Now take $\delta>0$. The event that there exists no $k\in[n-1]$ with $|X_k-X_{k+1}|\le\delta$ has probability at most $e^{-\delta(n-1)}$ (just go left to right and use the fact that every time you exclude an interval of length at least $\delta$). Now consider the event that $|X_k-X_{k+1}|\le\delta$ but $|\pi(k)-\pi(k+1)|>m$. It means that some $m$ of other $n-2$ variables $X_i$ managed to squeeze into the interval between $X_k$ and $X_{k+1}$. Now it is easy to estimate the probability of this event for fixed $k$ by $2\delta$ (the probability that $X_k$ and $X_{k+1}$ are $\delta$-close) times ${n-2\choose m}\delta^m\le\frac{(n-2)^me^m}{m^m}\delta^m$ (the union bound over the choices of $m$ other variables that want to squeeze in between).
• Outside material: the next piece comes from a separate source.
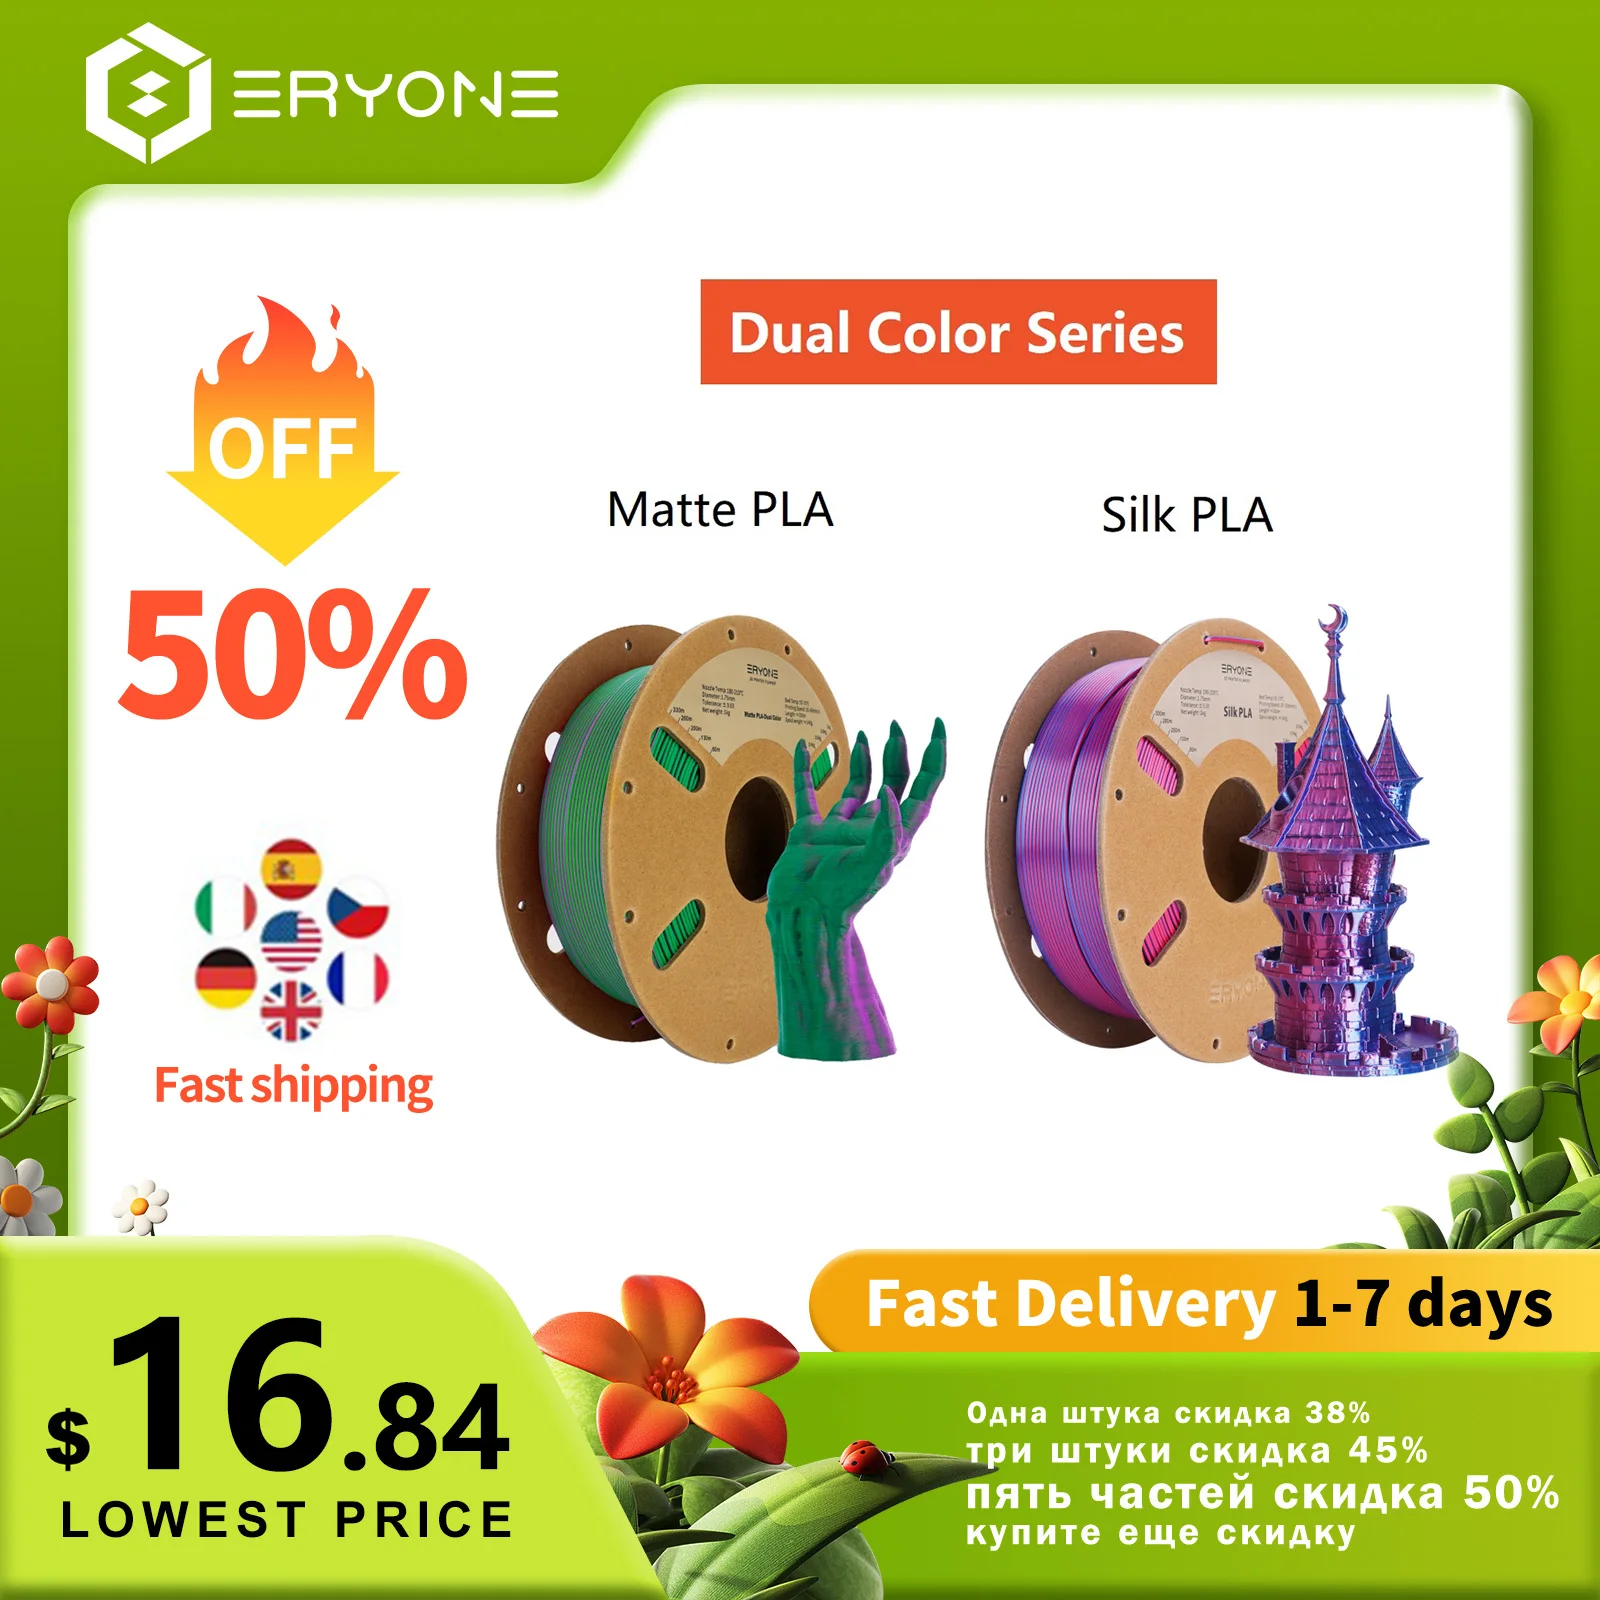 ERYONE-Filament en fibre de carbone ABS PETG/PLA, 1kg, 1.75mm ± 0.03mm,  pour imprimante 3D FDM, haute qualité, livraison gratuite, promotion .co.jp  - AliExpress

Taking the union bound over $k$, we get $$ P(\mathbf{md}(\pi)>m)\le e^{-(n-1)\delta}+(n-1)\delta \frac{(n-2)^me^m}{m^m}\delta^m. $$ Choosing $\delta=\frac{m}{2e(n-1)}$ finishes the story.

You can, probably, play this trick in a much more intelligent way and get the true asymptotics, but I leave the bonus question to someone else :-)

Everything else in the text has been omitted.